====== DATA BELOW
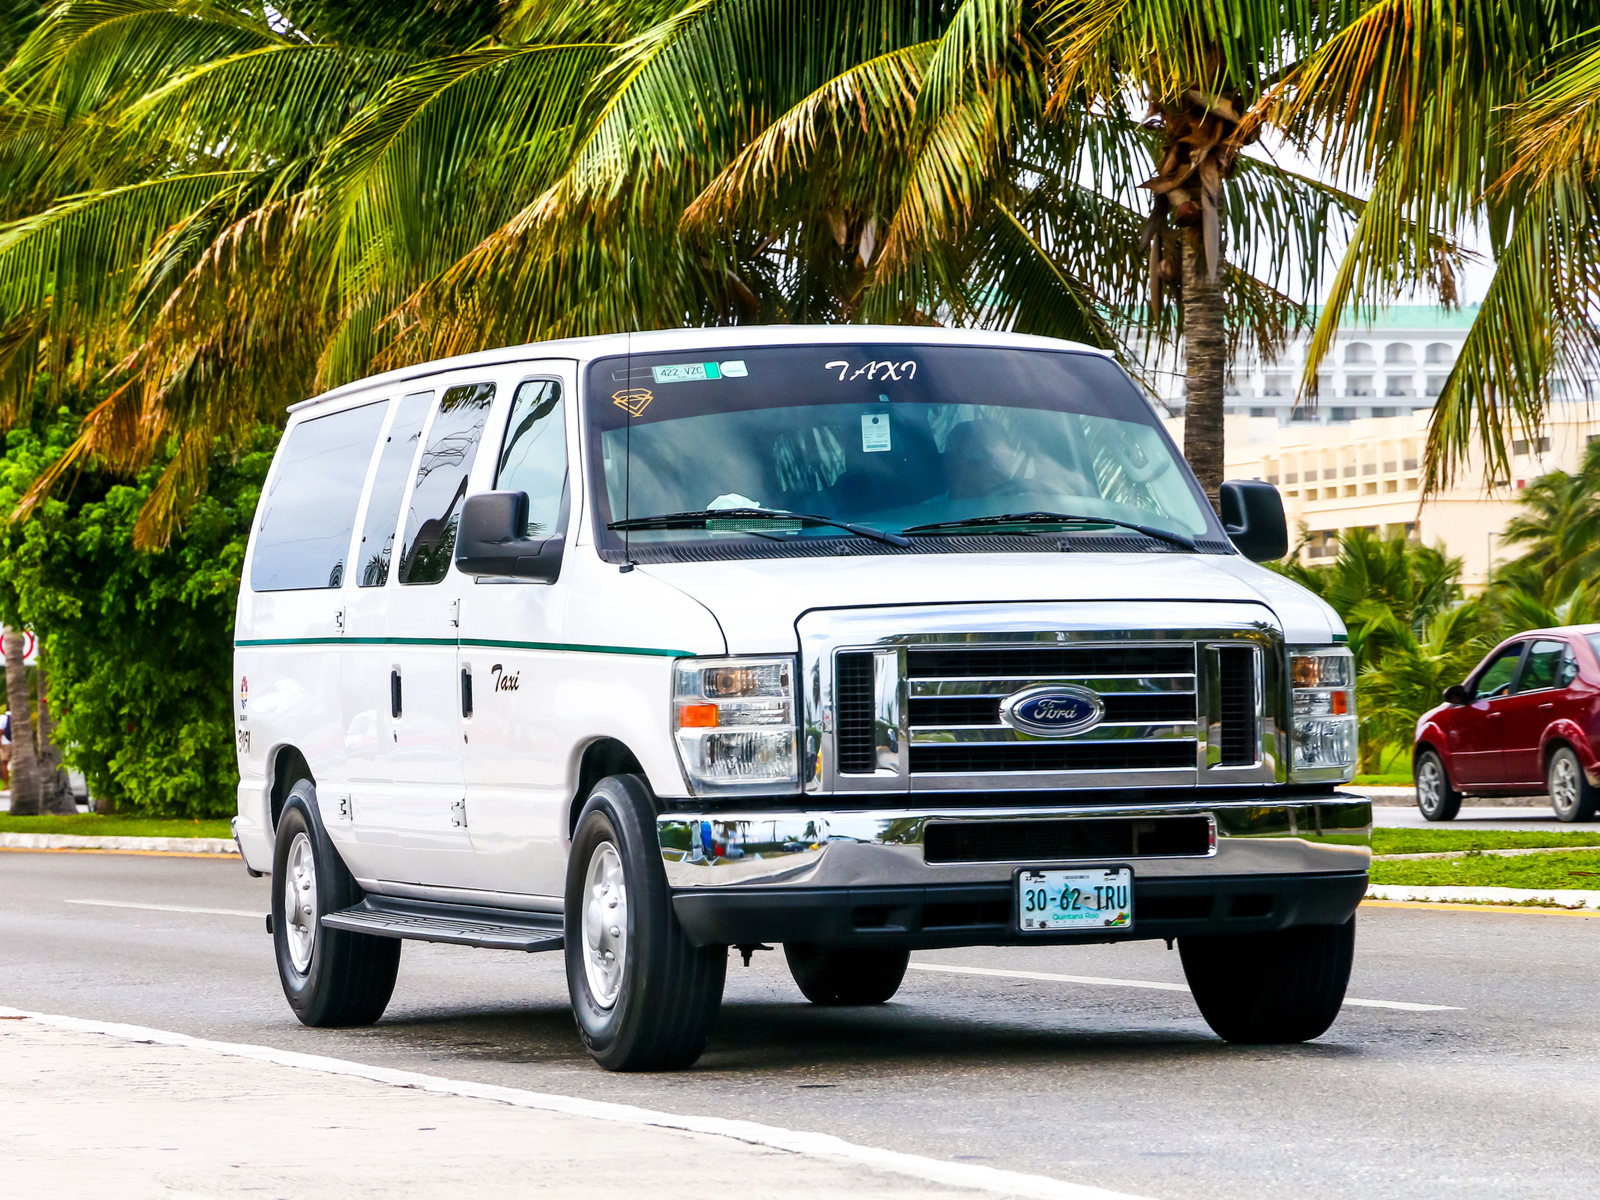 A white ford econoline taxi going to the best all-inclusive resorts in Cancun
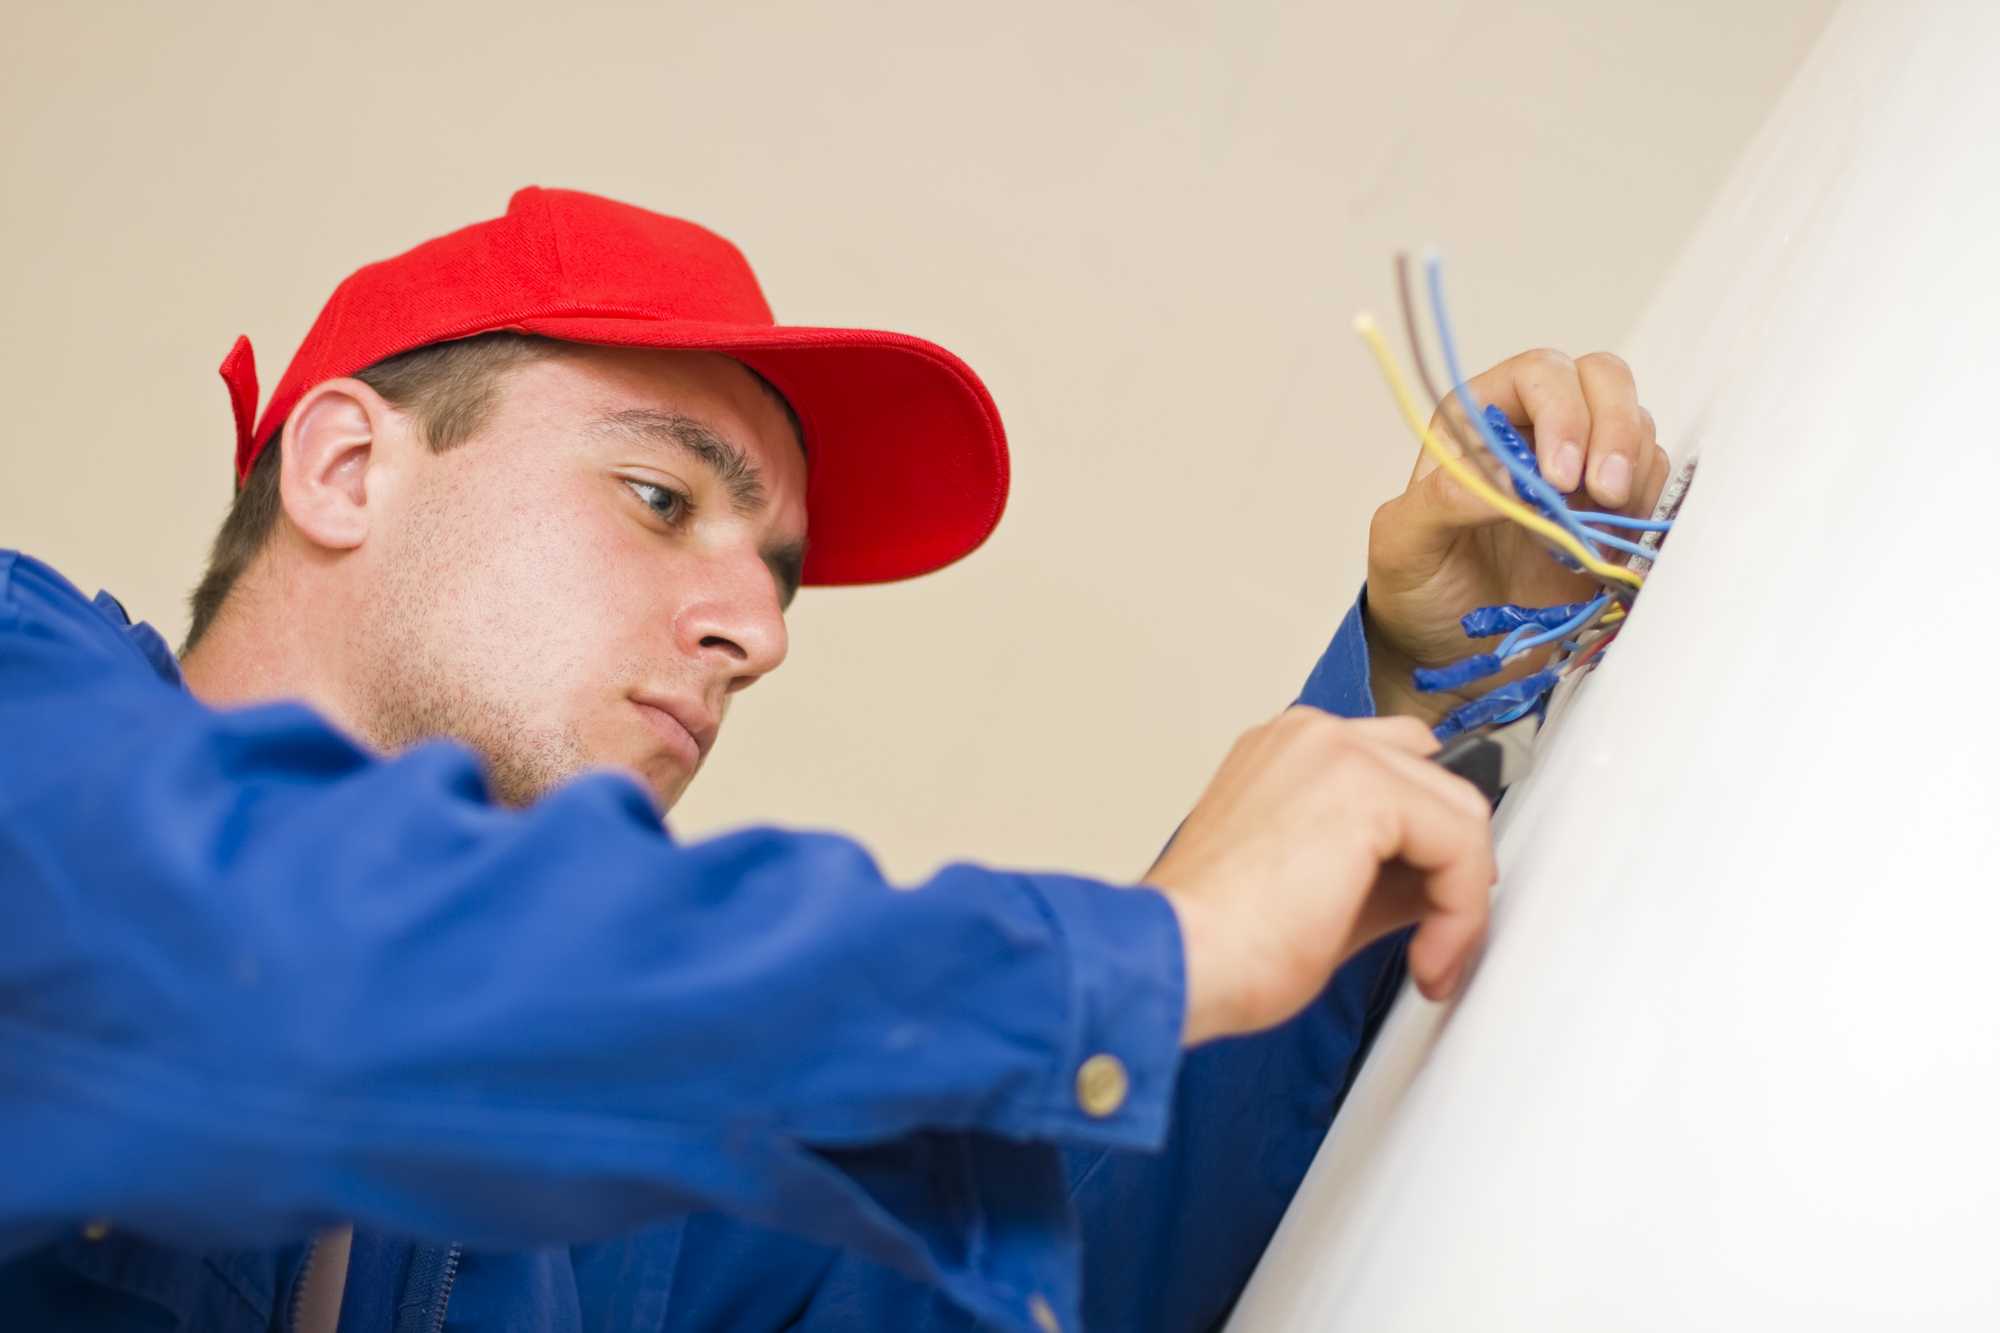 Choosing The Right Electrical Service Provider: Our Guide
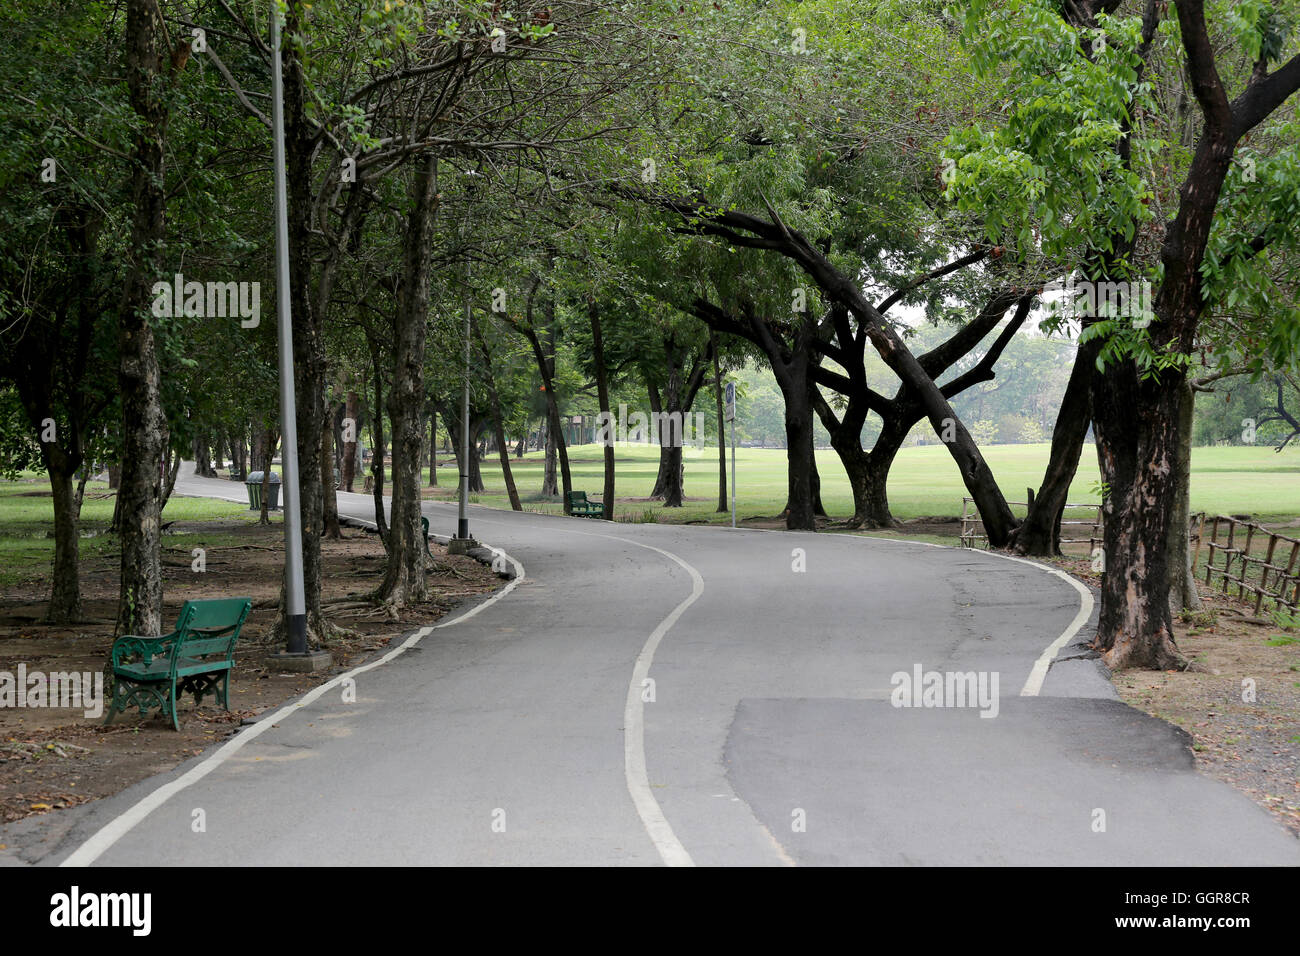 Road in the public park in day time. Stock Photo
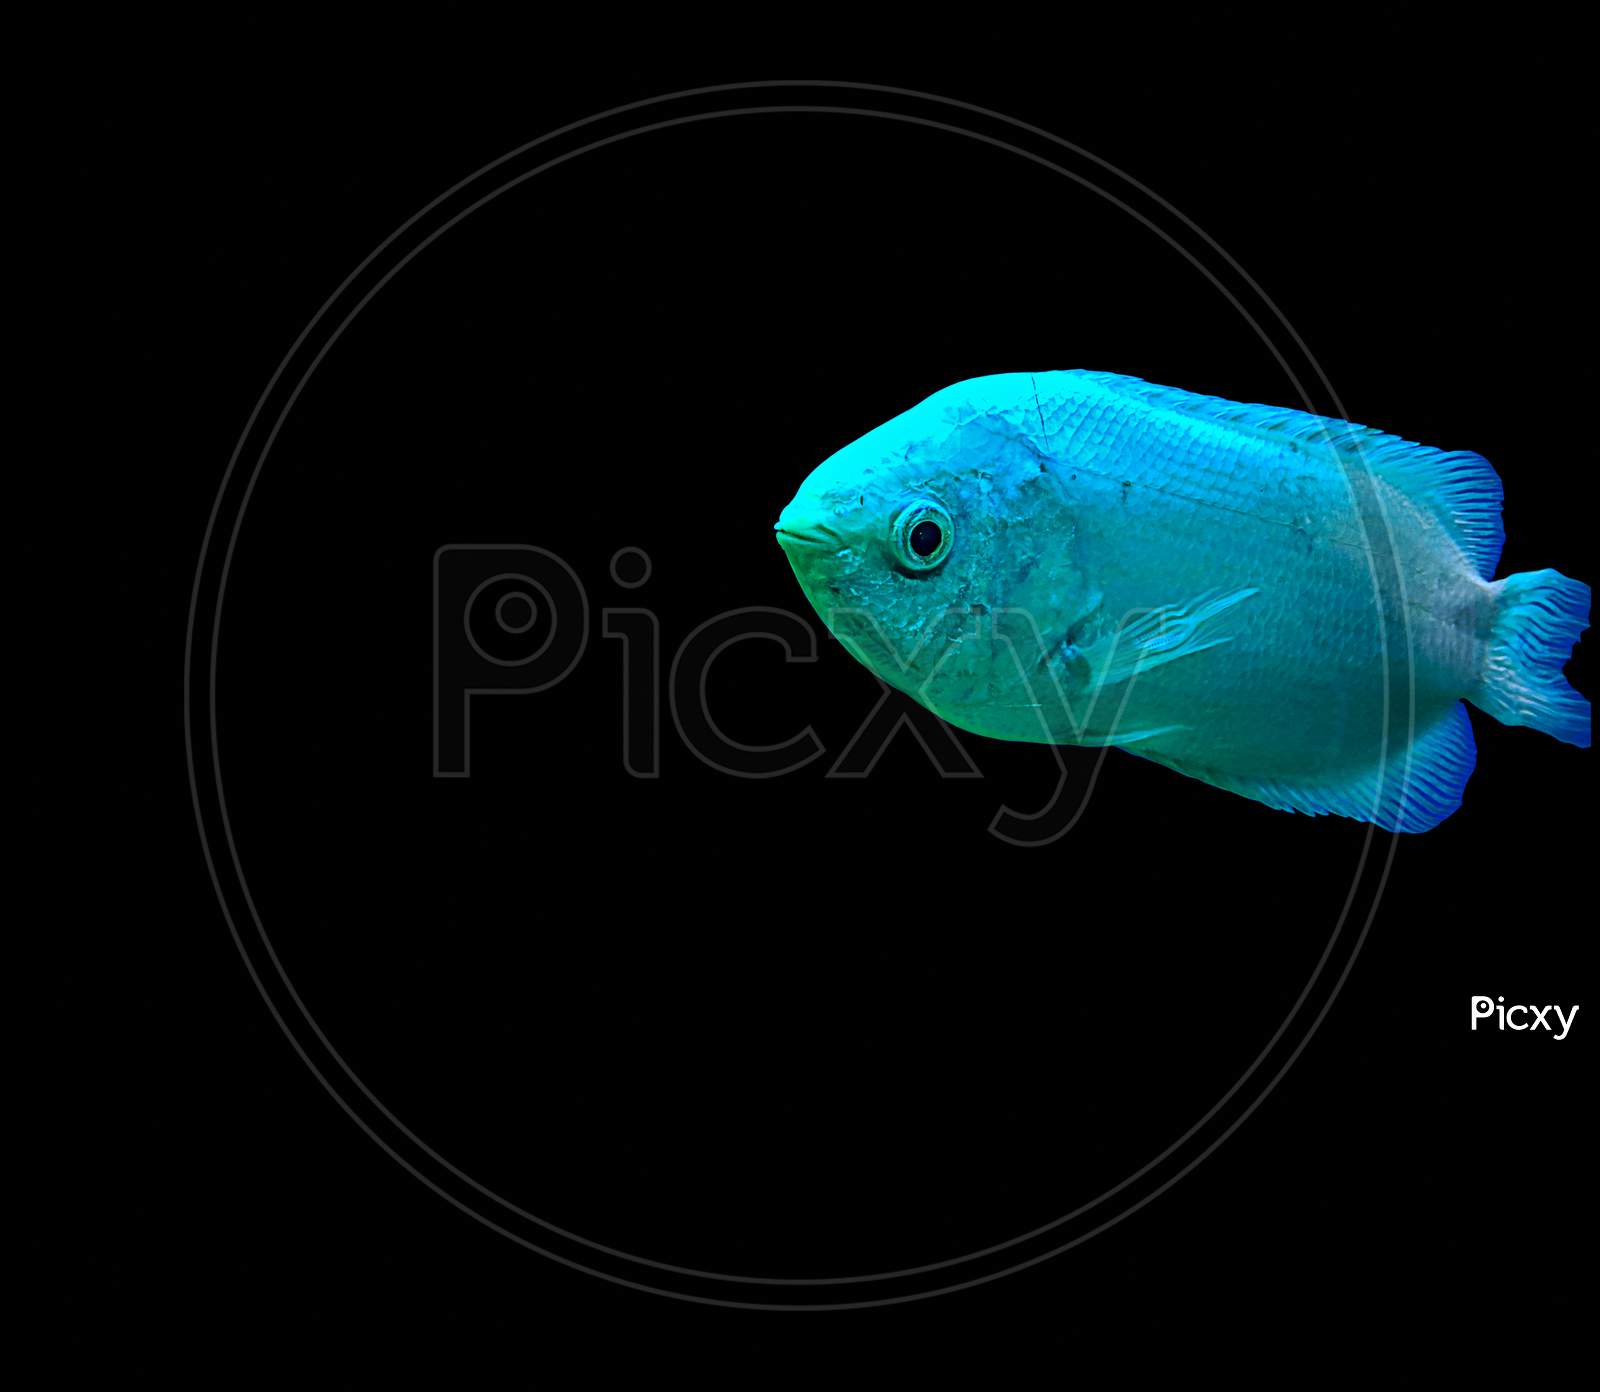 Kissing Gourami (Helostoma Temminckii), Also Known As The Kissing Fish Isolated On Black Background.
============
● WHAT YOU HAVE TO DO
Restate word for word, and only, the lines from the line that contains "Choosing The Right" through the end of the data, both included; pictures are not part of the copy.

● RESPONSE
 Choosing The Right Electrical Service Provider: Our Guide
 Road in the public park in day time. Stock Photo
 Kissing Gourami (Helostoma Temminckii), Also Known As The Kissing Fish Isolated On Black Background.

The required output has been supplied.